As Amb. Gilbert A. Robinson, a former Commerce aide to McClellan, commented recently, “He was an incredible negotiator...Time and again, I saw him stand up to the Soviet pressure, to go ahead and be correct when he needed to and he got them to cooperate. Without the cooperation of the people who wanted the exhibition to succeed, it never would have been done.” McClellan, he emphasized, “was the kind of public servant that you really wanted, whether Democrat or Republican...”

Later, as a top figure in the Los Angeles Chamber of Commerce, McClellan played an important part in bringing the Dodgers to the West Coast and in spearheading the “Management Council for Merit Employment and Training,” an innovative private sector economic recovery effort in the wake of the 1965 Watts riots.

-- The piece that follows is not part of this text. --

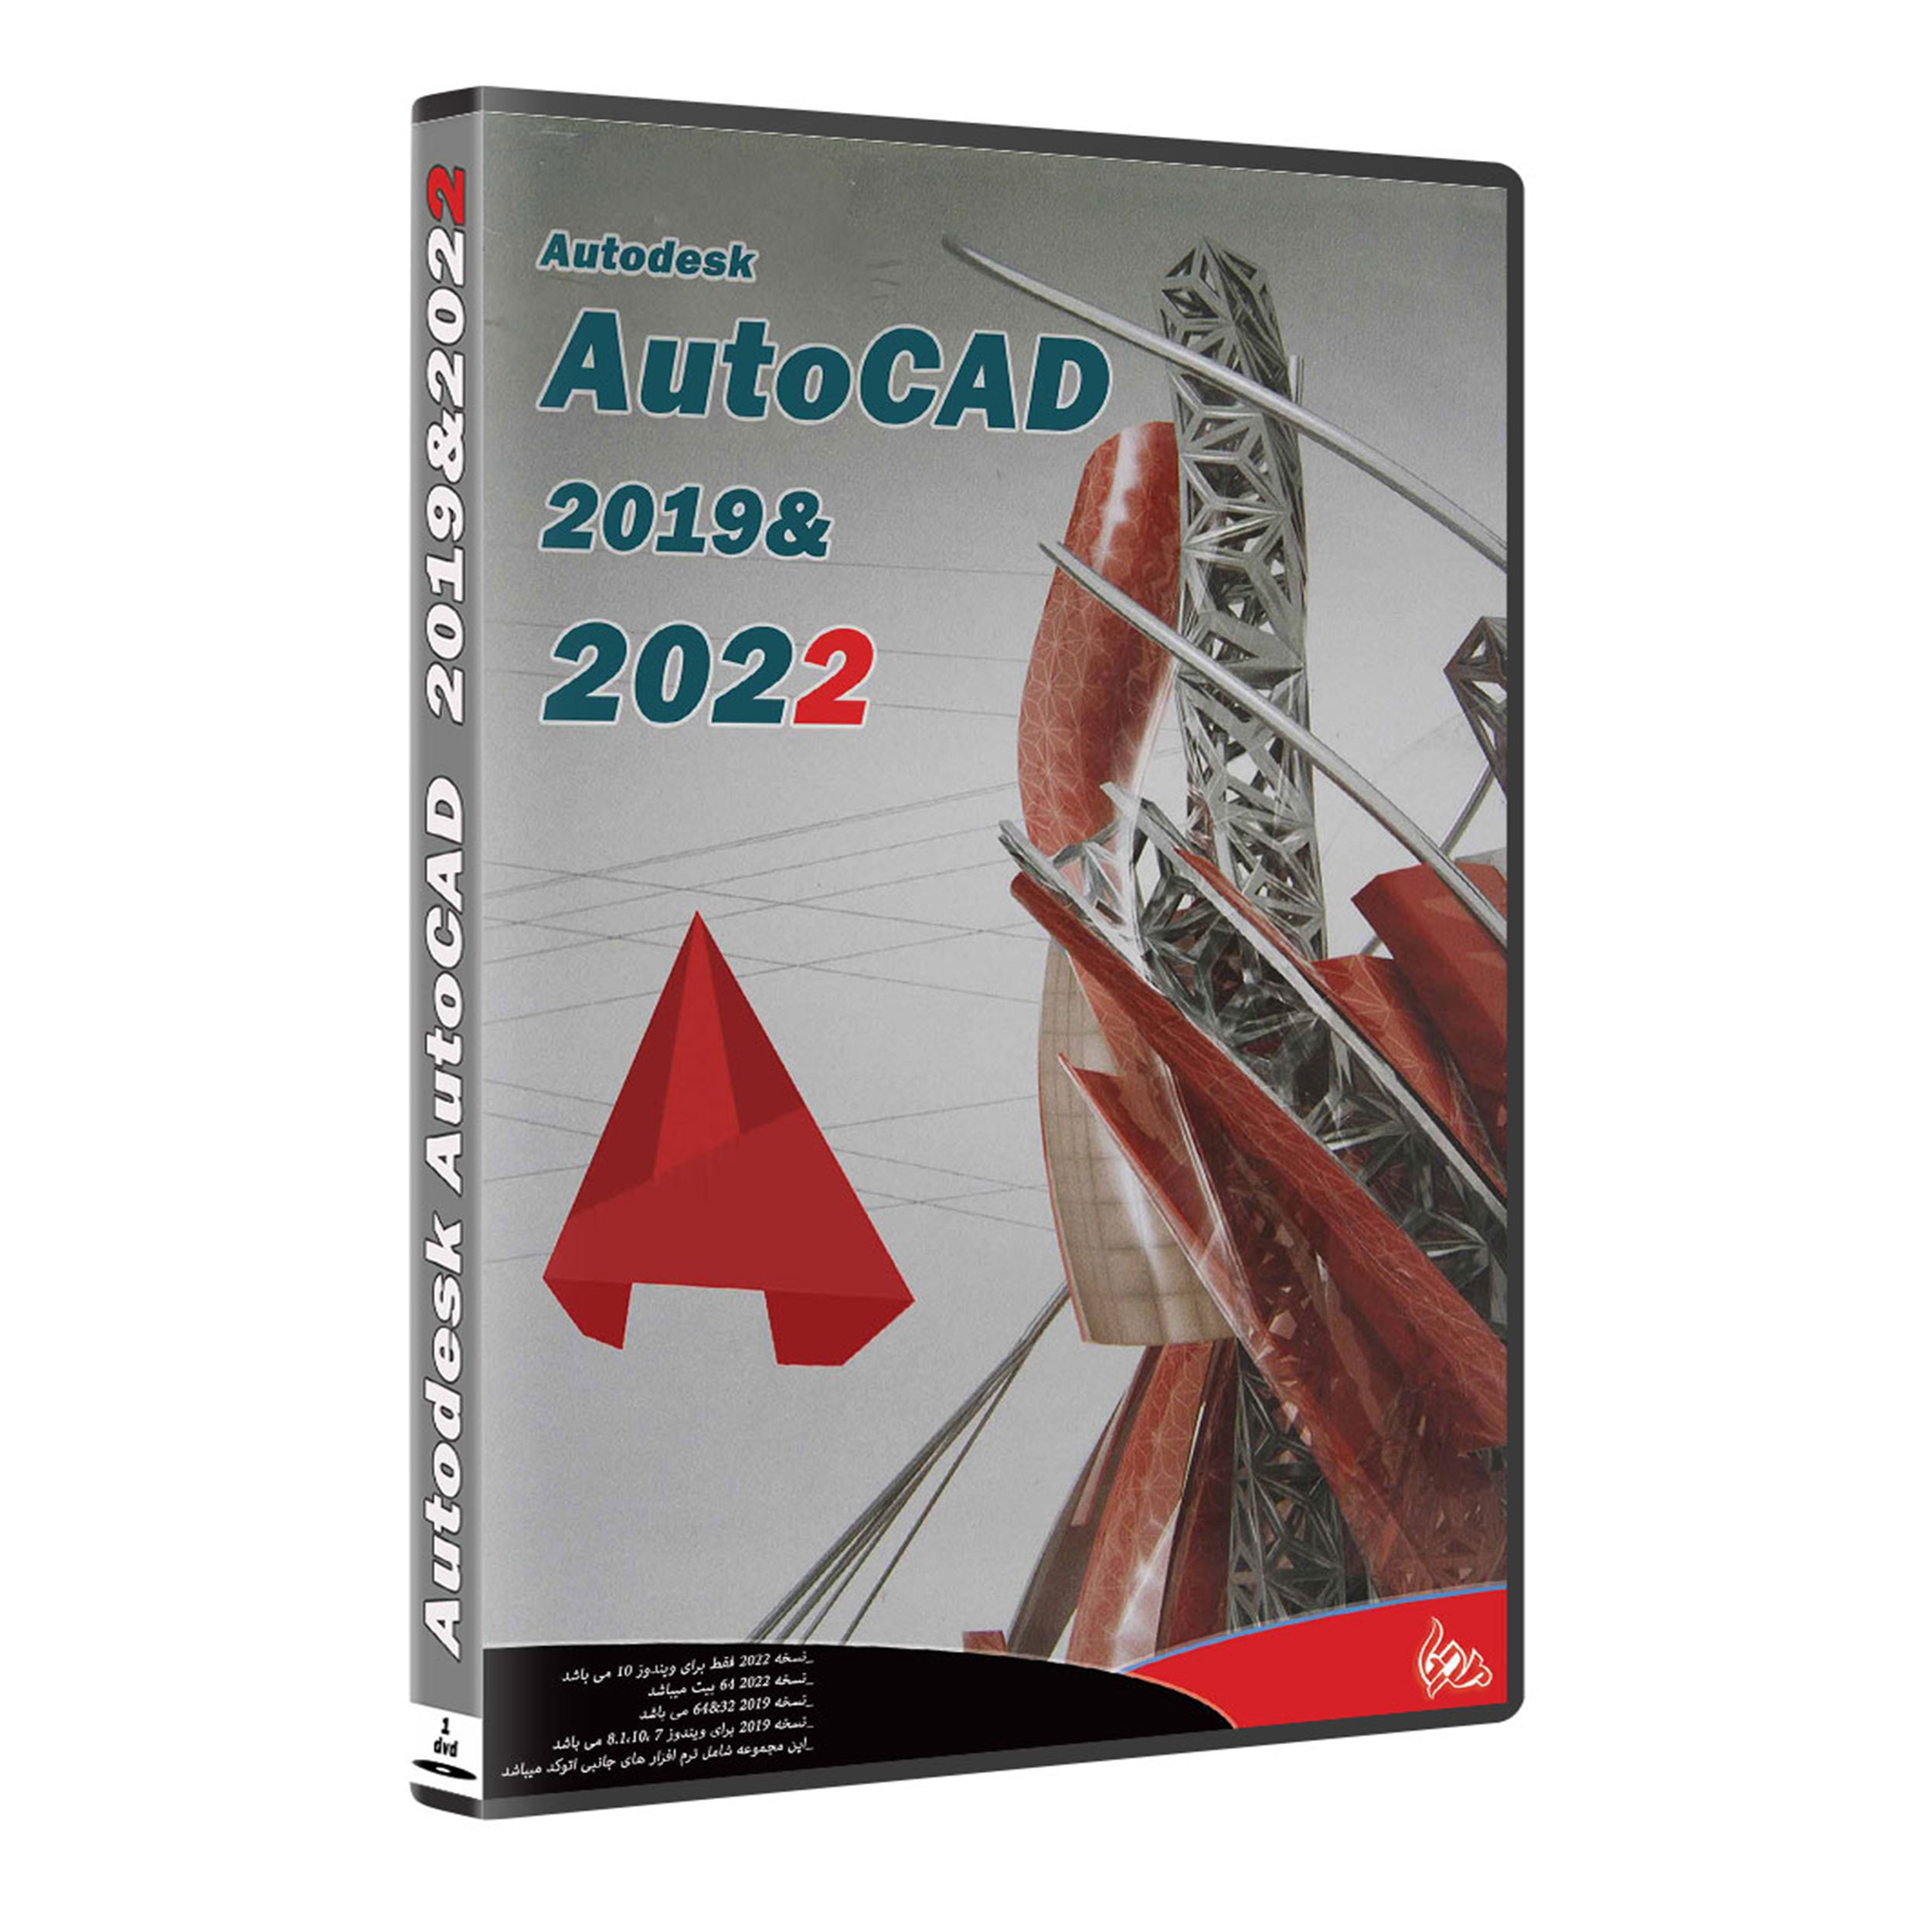 نرم افزار AUTODESK AUTOCAD 2019 & 2022 نشر پدیا

In his unpublished 1969 memoir of the Moscow exhibition, entitled “Russia Goes to the Fair,” McClellan wrote:

“...The role I carried in managing the Exhibition proved to be the most exciting, difficult and frustrating experience of my life; yet it was in the end the most rewarding. During the fifteen months in which I was engaged with the project, every single day offered some element of surprise and trouble. Time and again there were crises to be met which made the ‘Perils of Pauline’ seem to me mere bedtime stories.”

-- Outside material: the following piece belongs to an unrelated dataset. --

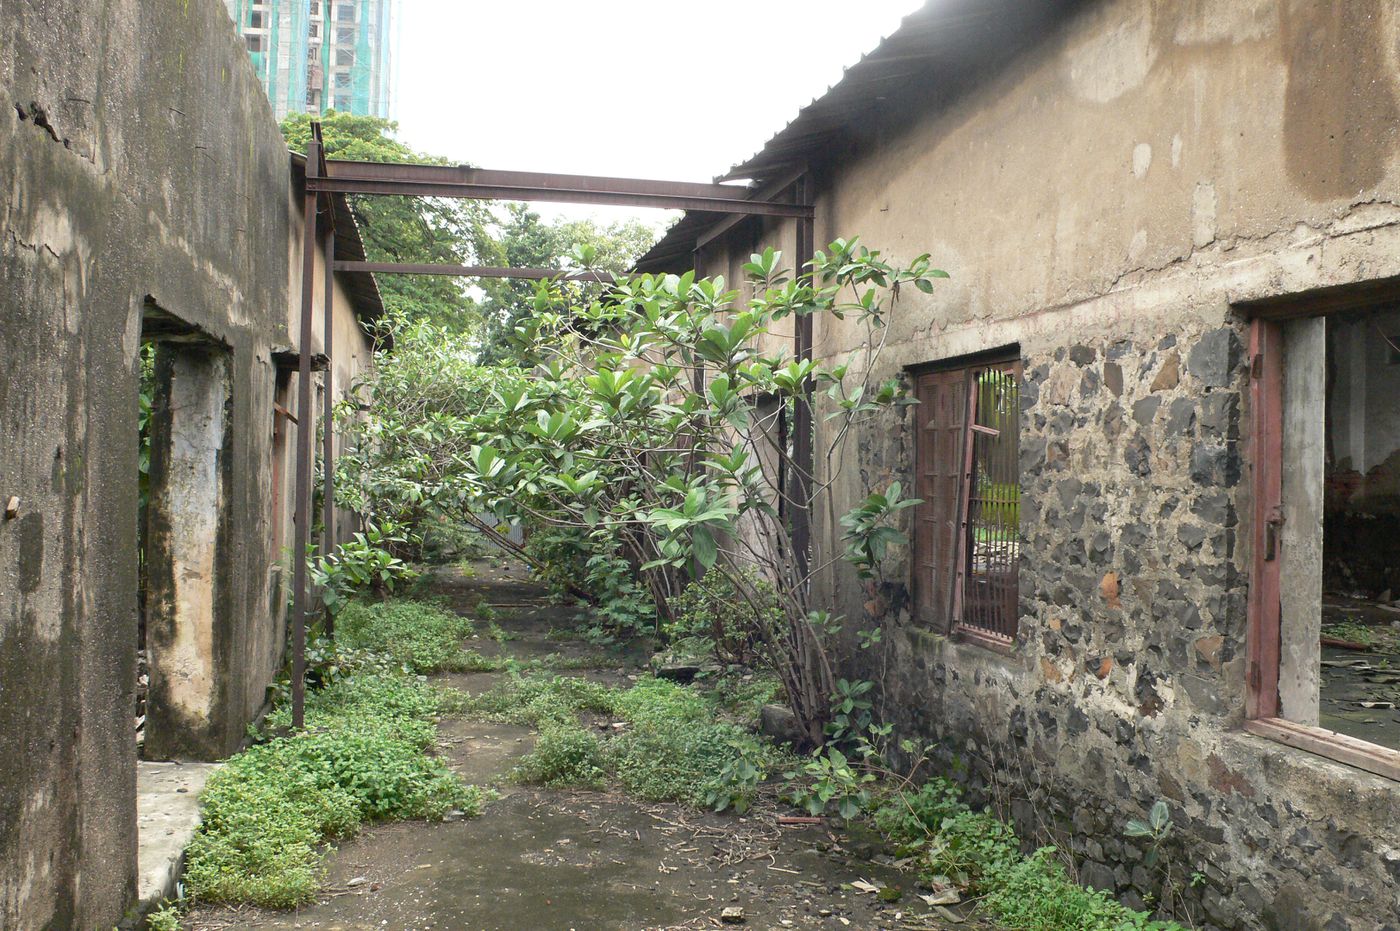 Saat Rasta : overgrown vegetation in existing building

McClellan’s role was vital. His memoir is a key component of the historical record about the preparations for the Sokolniki exhibition (including the behind-the-scenes politics of building governmental and private sector support in the U.S.) as well as the challenges of finishing in time for the high-profile, high-stakes official opening on July 24.

Wednesday, July 1, 2009

Khrushchev Remembers -- "A Lot of Propaganda"


Photo: Tony Pell (c)2009 AP
In contrast to Richard Nixon's account, Nikita Khrushchev recalled the Sokolniki exhibition and his debate with the U.S. Vice-President differently. In the English language edition of his memoirs, Khrushchev stressed that the American exhibition had come up short, asserting that the U.S. organizers "were obviously not serious about displaying American life and culture; they were more interested in drumming up a lot of propaganda."

"Everything was laid out attractively to impress the public," Khrushchev acknowledged. "But it was all too showy and promotional. The objects being exhibited didn't really have anything to offer to our people, particularly our technological personnel, our Party members, and our leadership," he went on. "One should realize that we were quite demanding in our attitude here: for us, the major consideration was the usefulness of a product or an item. In this regard, the American exhibition was a failure."

Khrushchev recalled the debate in the model kitchen beginning prosaically enough, with the Soviet leader commenting on how he thought an automatic lemon squeezer on display was pointless since any person could squeeze a lemon faster by hand. "To this," Khrushchev wrote, "Nixon disagreed, and he tried to bring me around to his way of thinking, arguing in that very exuberant way of his."

But the Soviet premier made it clear that he was more than ready to counter Nixon's verbal thrusts. "I responded in kind," he related, adding "I have my own way of being exuberant in a political dispute." "The debate began to flare up and went on and on," Khrushchev continued. "The newsman pressed around us with their tape recorders going and their microphones shoved into our faces. After a while I put a direct question to him: 'Mr. Nixon, you've brought all this wonderful equipment here to show us, but have you really put it into widespread, practical use? Do American housewives have it in their kitchens?' To be fair to him, Nixon answered honestly that what they were showing us hadn't yet come onto the market. At that point people burst out laughing..."

Like Nixon, however, Khrushchev recognized that the showdown between the two men was about far more than a lemon squeezer. "...What we were really debating was not a question of kitchen appliances but a question of two opposing systems: capitalism and socialism."